Oleh karena itu, setiap kali mukmin membaca al ikhlas ayat 4, ia sedang merayakan kesempurnaan yang tak terhingga dan tak terbagi. Ini adalah pengakuan bahwa seluruh realitas bergantung pada Dzat Tunggal yang berdiri sendiri dalam keagungan-Nya.

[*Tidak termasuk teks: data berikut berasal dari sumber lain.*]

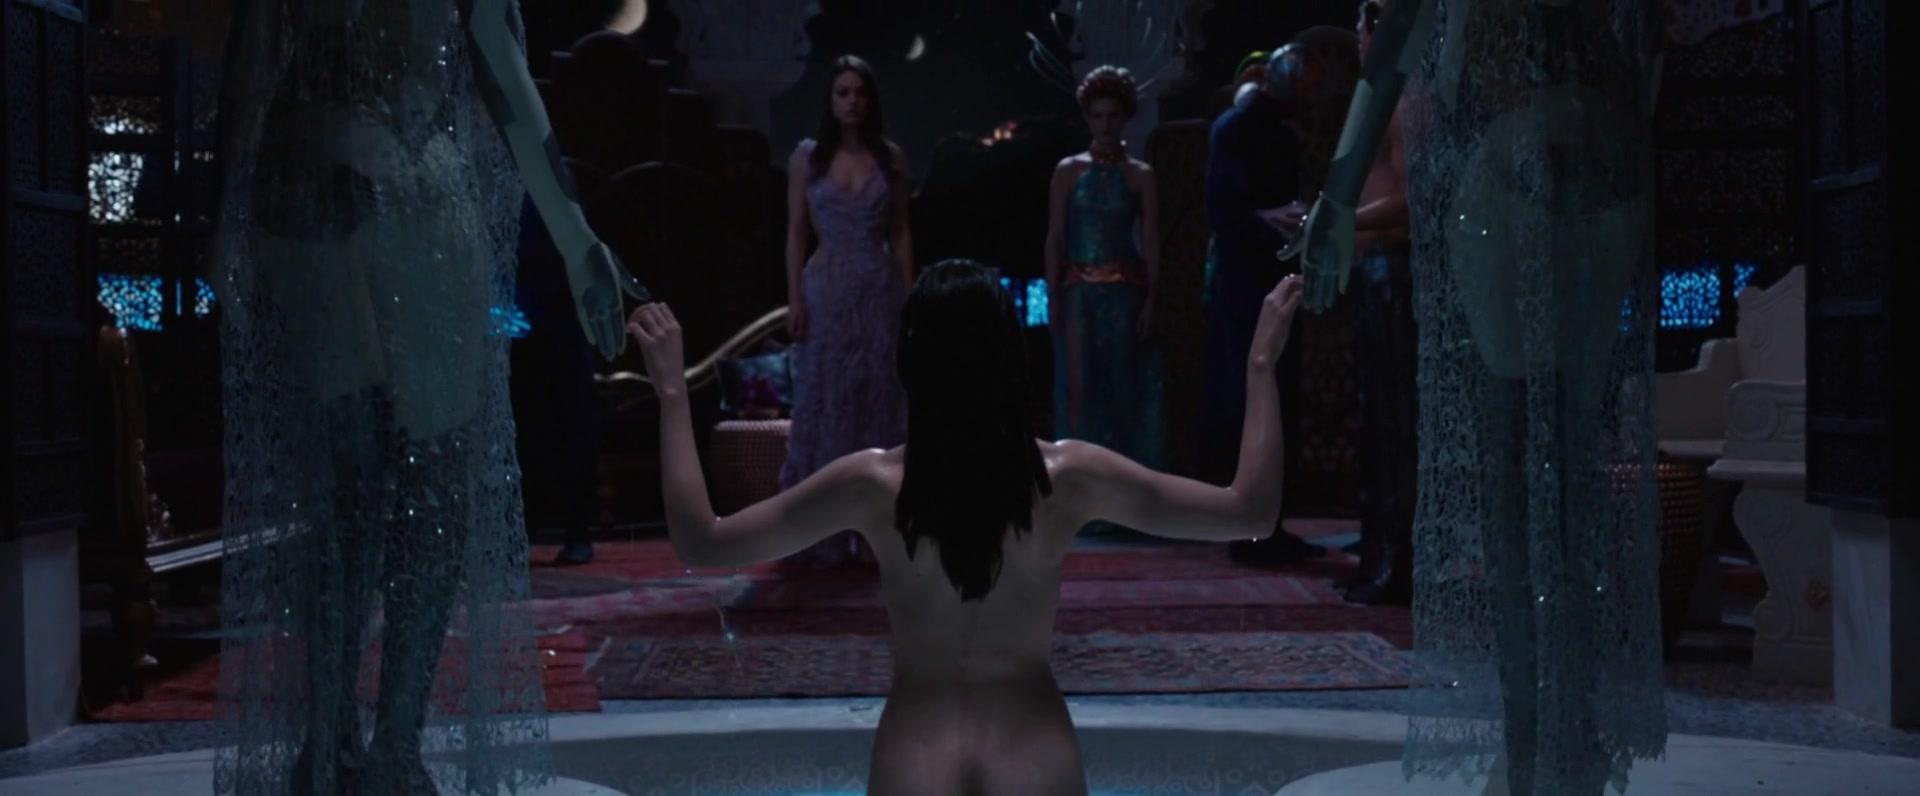 Young Alexis Ren nudes (18 photo), Sexy, Sideboobs, Selfie, braless 2017

X. Penutup: Pengokohan Pilar Ikhlas

Surah Al-Ikhlas, ditutup dengan ayat yang tegas dan lugas, "Wa lam yakun lahu kufuwan ahad," menancapkan paku terakhir pada peti mati syirik dan keraguan. Ayat ini adalah kesimpulan sempurna yang mengikat semua prinsip keesaan yang dijelaskan sebelumnya: keesaan Dzat (Ahad), keesaan Kebutuhan (Ash-Shamad), dan keesaan Asal Usul (Lam Yalid wa Lam Yuulad).

Pengakuan ini adalah identitas dasar seorang Muslim. Ia membedakan Islam dari semua sistem kepercayaan lainnya yang mempercayai adanya mitra, anak, tandingan, atau perantara yang setara dengan Tuhan. Dalam ayat ini terdapat kedamaian, karena hati yang memahami bahwa tiada tandingan bagi Allah akan tenang, mengetahui bahwa mereka hanya perlu bergantung pada satu kekuatan Yang Maha Sempurna.

Setiap huruf dan kata dalam al ikhlas ayat 4 adalah deklarasi kemerdekaan spiritual dari penyembahan makhluk, ketakutan yang tidak perlu, dan kekeliruan filosofis. Ia mengajarkan kita untuk melihat alam semesta bukan sebagai tempat yang penuh dewa-dewa yang bersaing, melainkan sebagai karya seni tunggal yang diatur oleh satu seniman yang tidak tertandingi. Inilah esensi Ikhlas, kemurnian keyakinan, yang diwariskan dari Rasulullah SAW kepada seluruh umat manusia hingga akhir zaman.

Artikel ini adalah eksplorasi mendalam teologis dan linguistik mengenai Surah Al-Ikhlas ayat 4, berfokus pada konsep Tauhid Mutlak (Keesaan Allah) dan penolakan terhadap segala bentuk perbandingan atau tandingan (Kufuwan Ahad).